**Requirement**: Copying rule for the data below: pictures stay out, and only the lines from the one with "Sometimes I long" down to the one with "Bring the feeling", inclusive, are repeated exactly.

(Supplied data Opens)

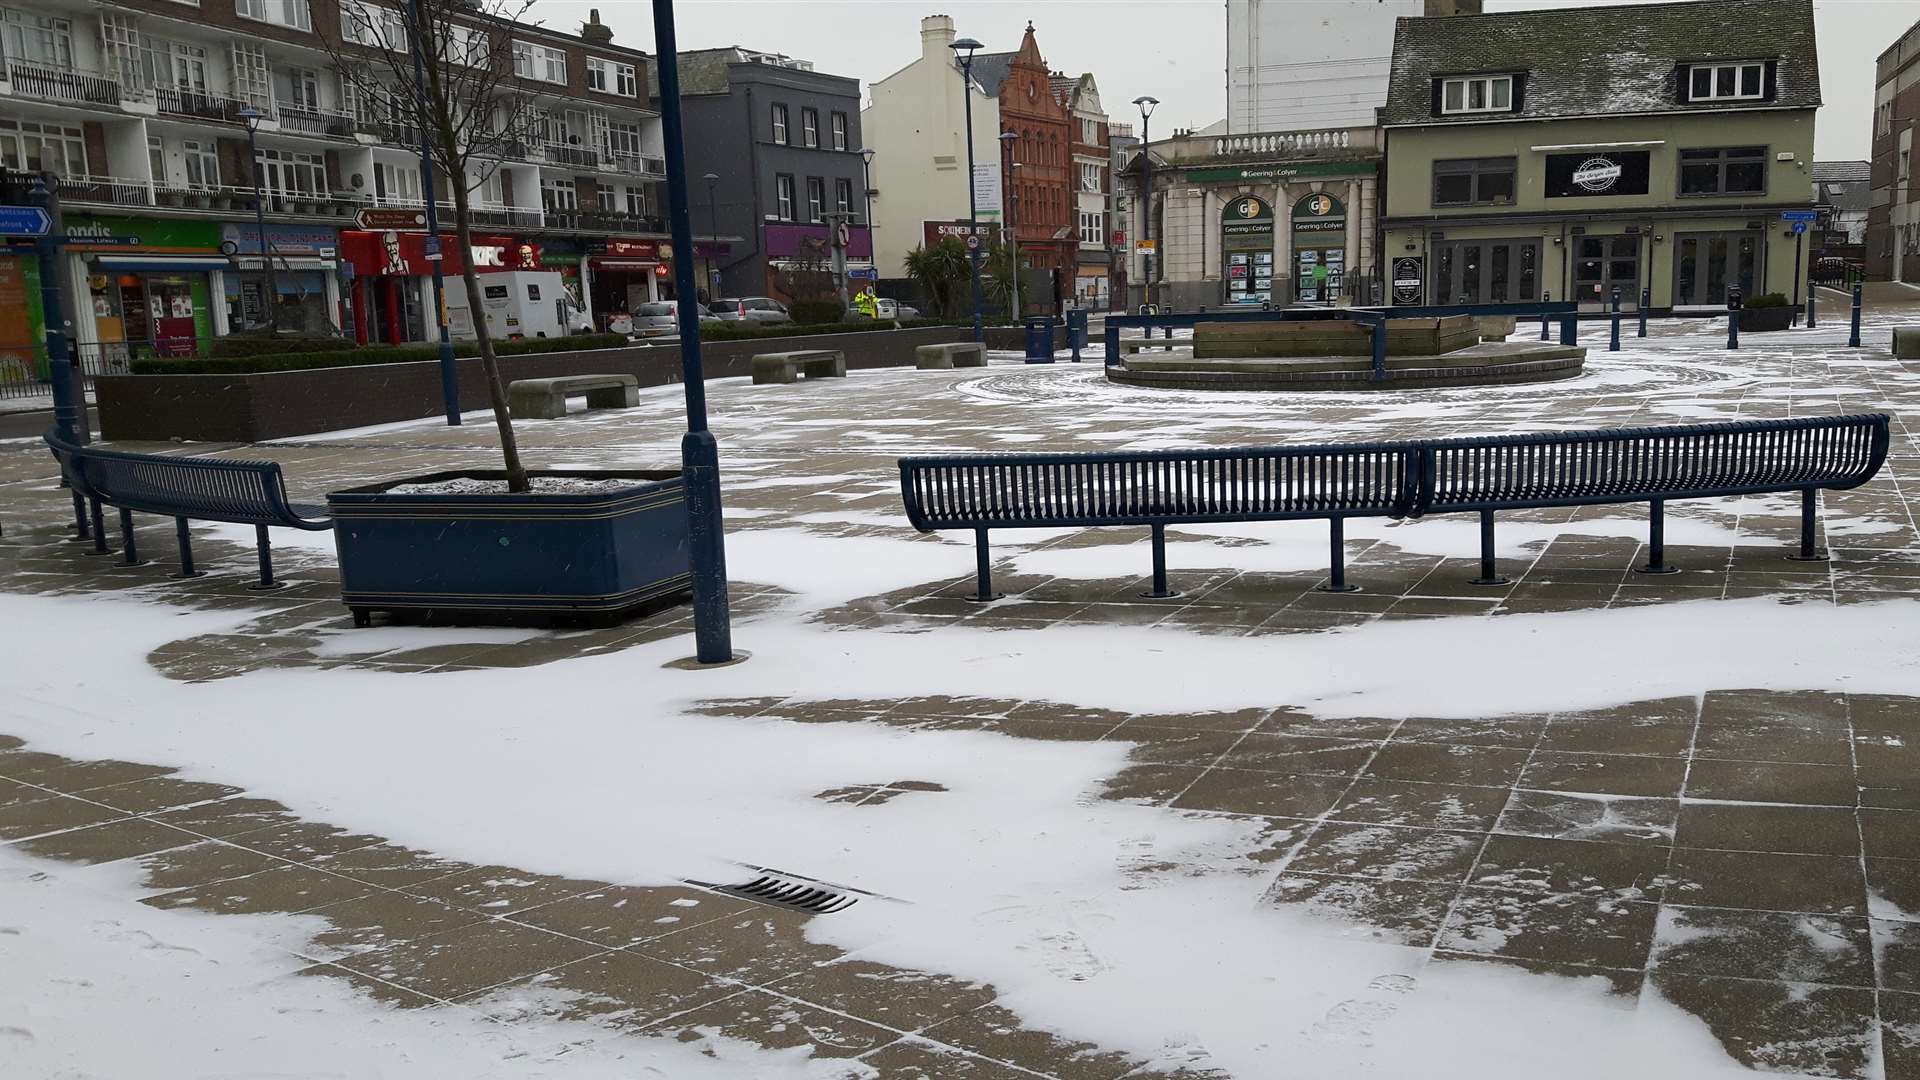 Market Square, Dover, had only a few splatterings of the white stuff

(Supplied data Closes)
(Supplied data Opens)

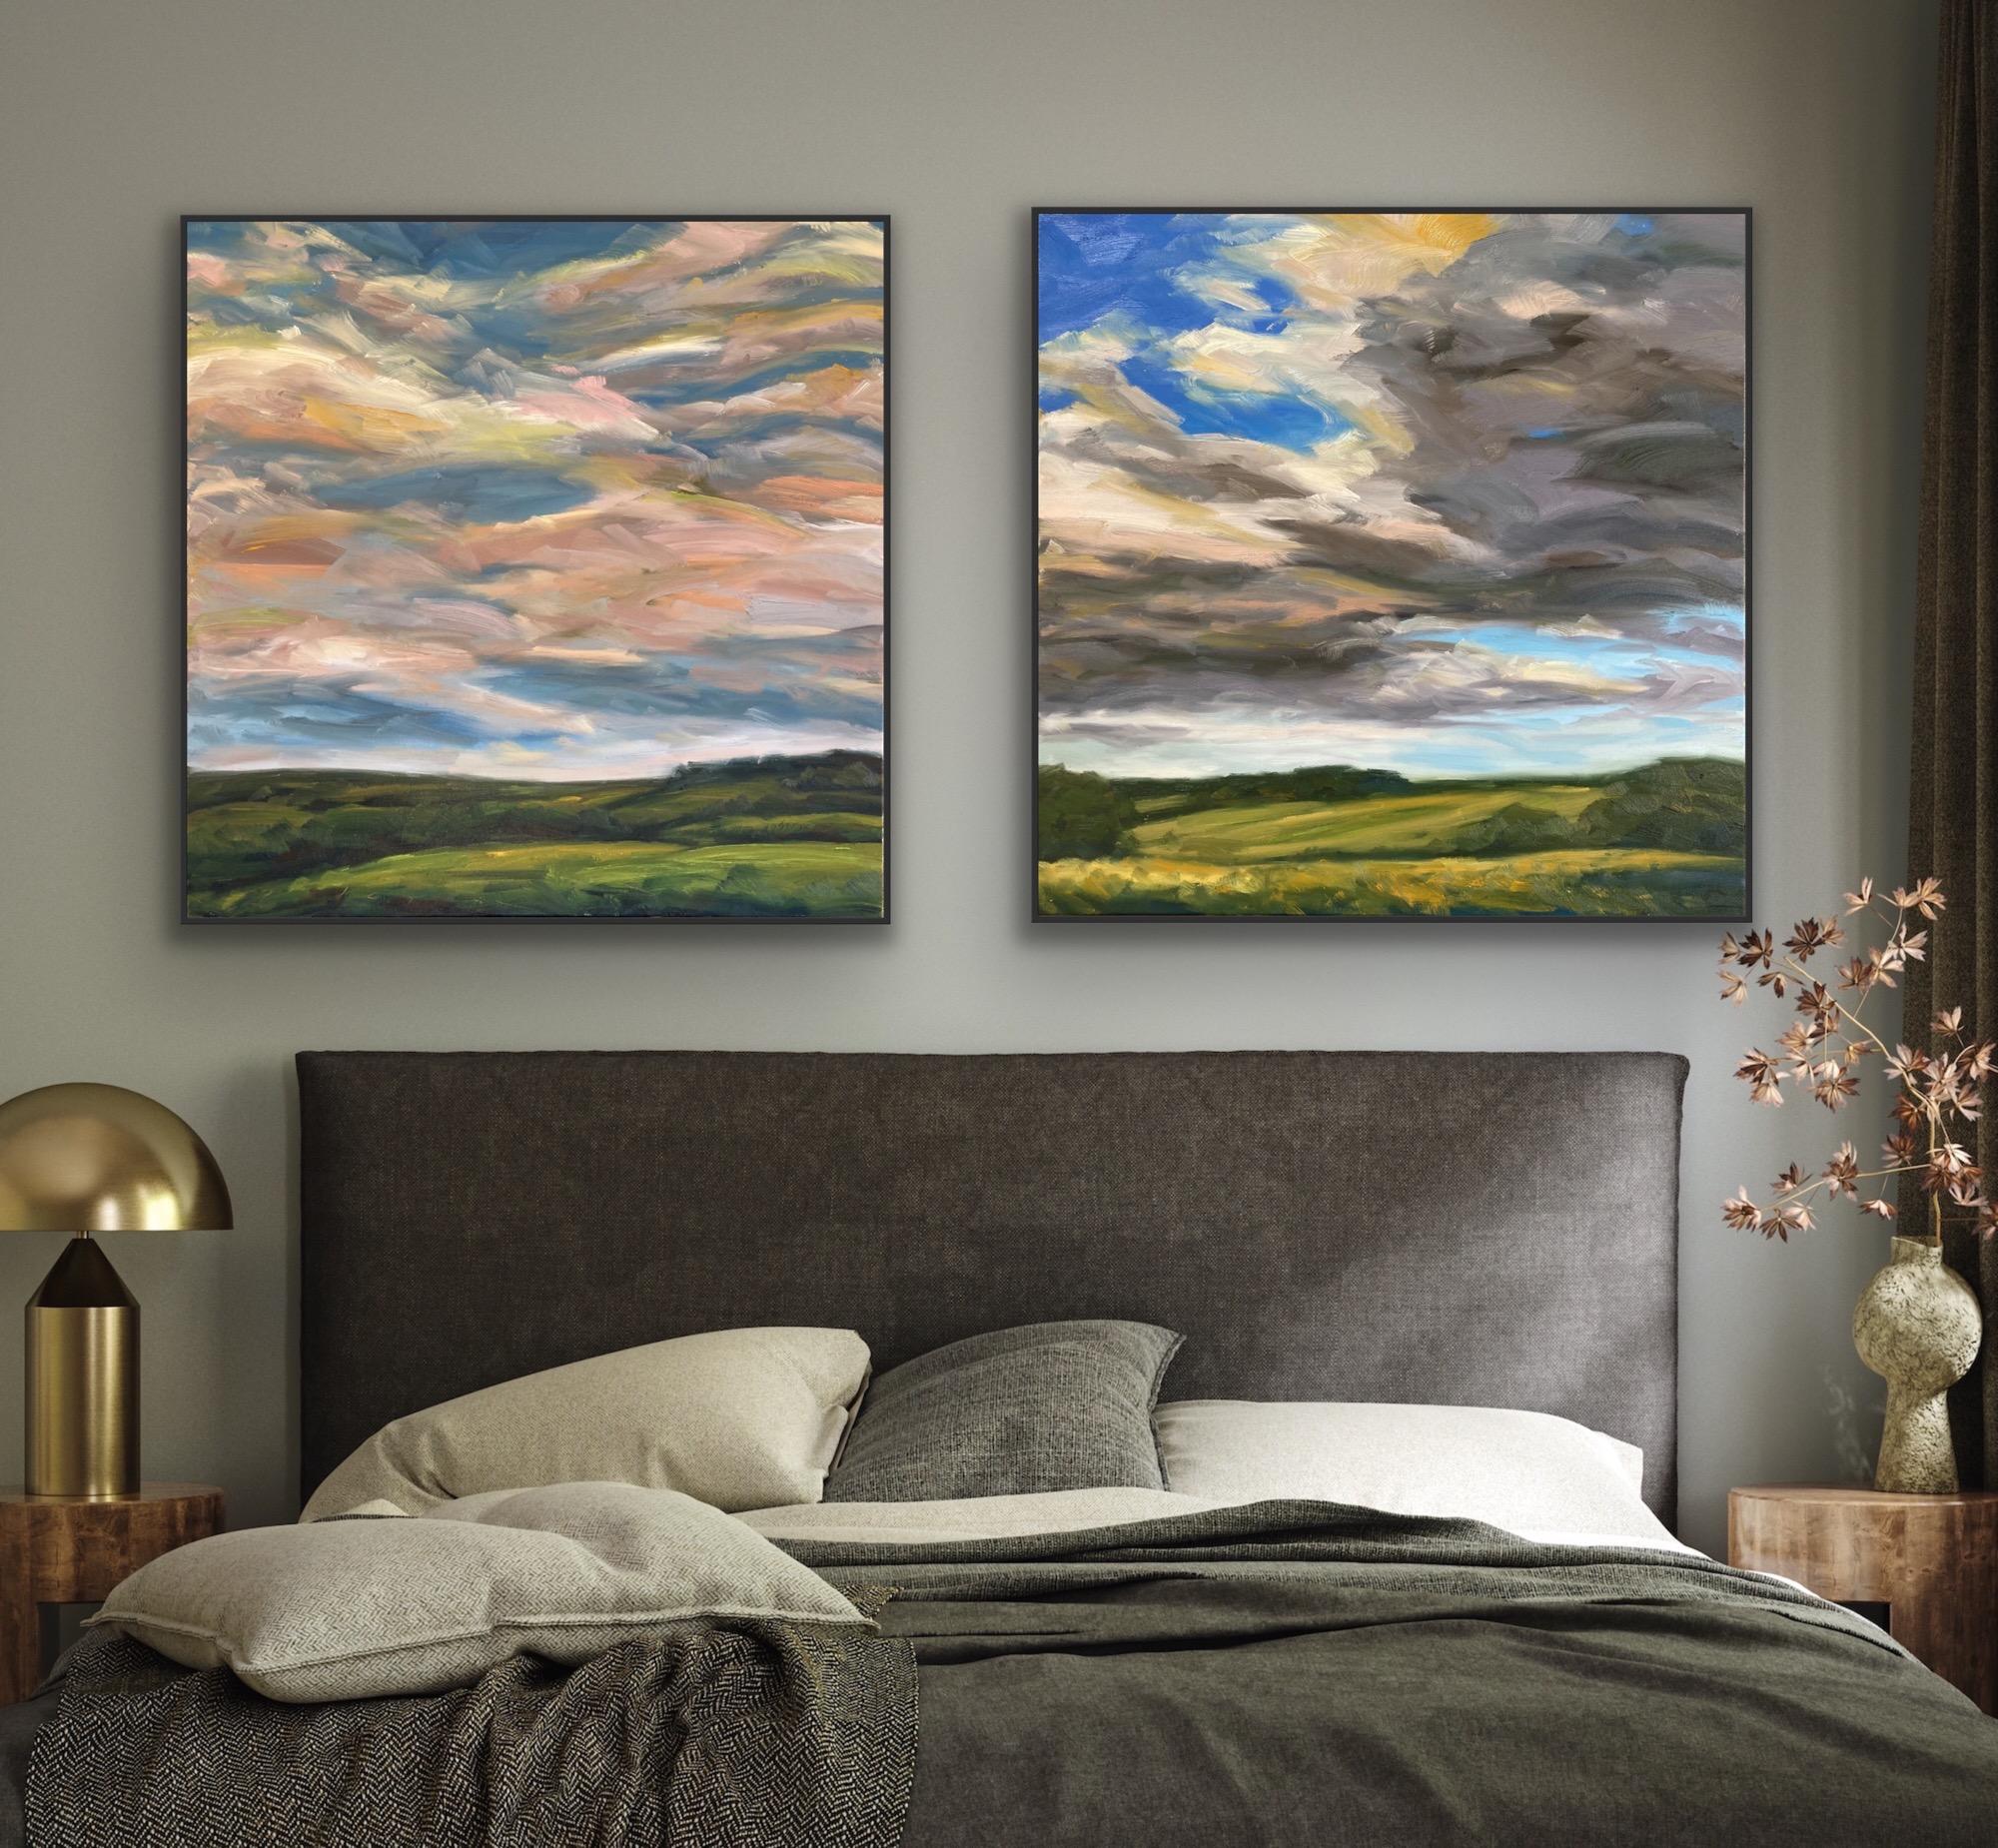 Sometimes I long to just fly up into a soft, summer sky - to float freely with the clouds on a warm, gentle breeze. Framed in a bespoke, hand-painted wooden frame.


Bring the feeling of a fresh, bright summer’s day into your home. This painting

(Supplied data Closes)

**Your response**:
 Sometimes I long to just fly up into a soft, summer sky - to float freely with the clouds on a warm, gentle breeze. Framed in a bespoke, hand-painted wooden frame.


Bring the feeling of a fresh, bright summer’s day into your home. This painting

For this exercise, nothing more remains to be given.